> _TASK TO CARRY OUT_
With the pictures left out, restate exactly the part below that opens with the line containing "Mới sinh được" and closes with the line containing "Skinny Bang Bang Zucchini Noodles Meal Prep".

> _RECORD EXCERPTS_
------------------------------------
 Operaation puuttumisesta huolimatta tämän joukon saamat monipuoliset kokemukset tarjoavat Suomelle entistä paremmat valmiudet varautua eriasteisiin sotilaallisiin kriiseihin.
------------------------------------
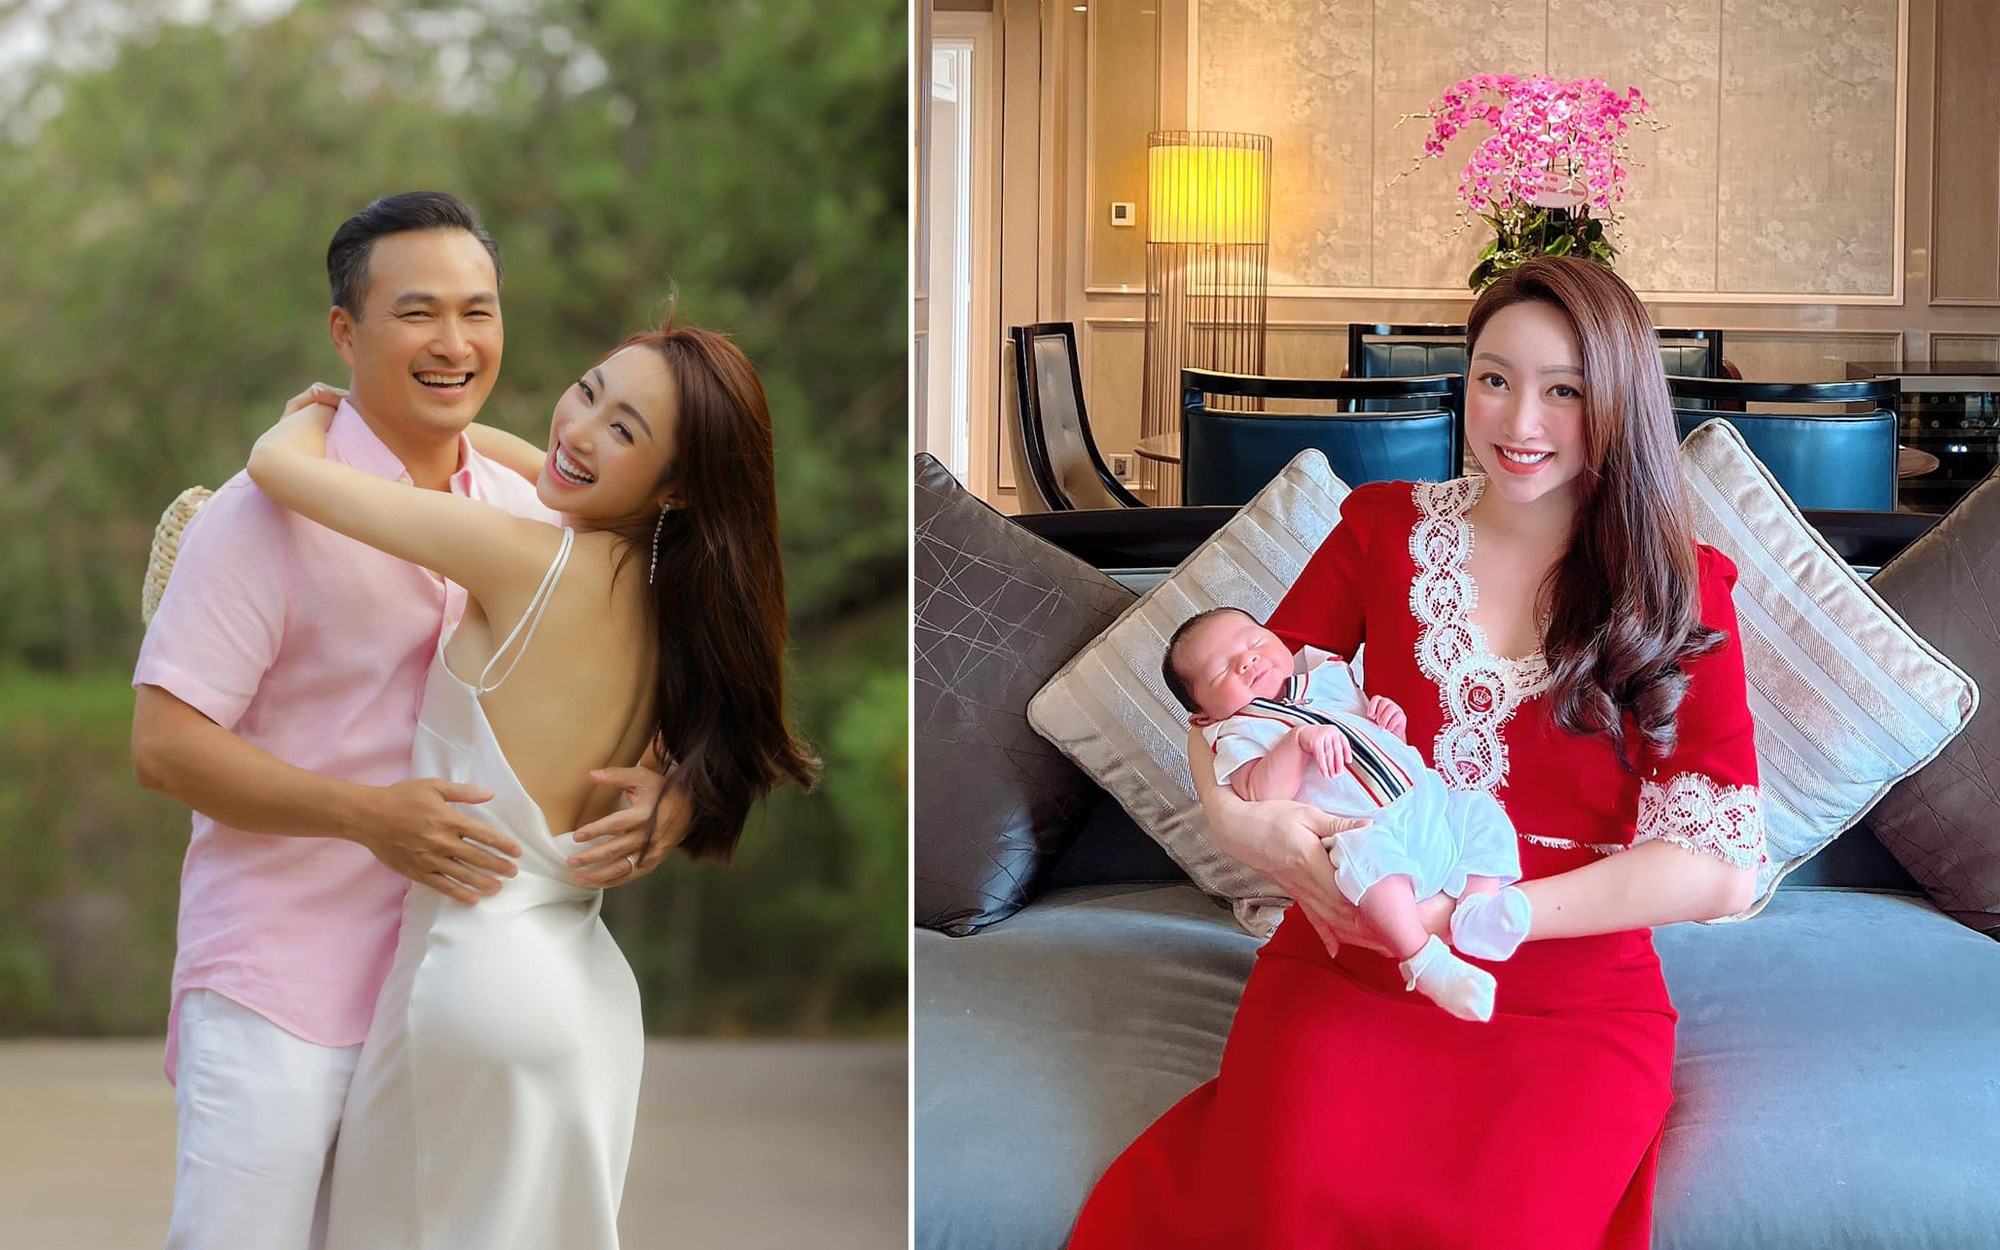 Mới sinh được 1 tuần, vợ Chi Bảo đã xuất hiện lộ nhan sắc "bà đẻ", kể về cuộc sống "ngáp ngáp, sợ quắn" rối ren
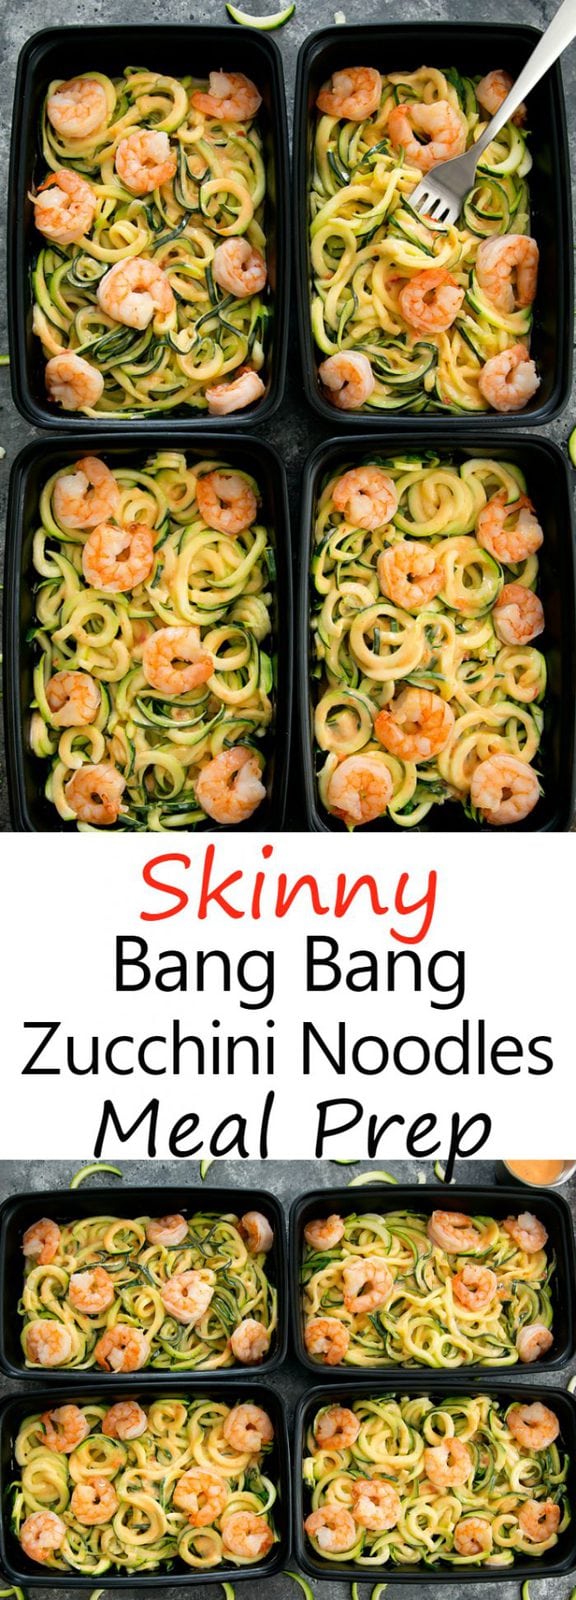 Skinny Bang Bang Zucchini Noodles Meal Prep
------------------------------------
> _OUTPUT FOR THIS TASK_
 Mới sinh được 1 tuần, vợ Chi Bảo đã xuất hiện lộ nhan sắc "bà đẻ", kể về cuộc sống "ngáp ngáp, sợ quắn" rối ren
 Skinny Bang Bang Zucchini Noodles Meal Prep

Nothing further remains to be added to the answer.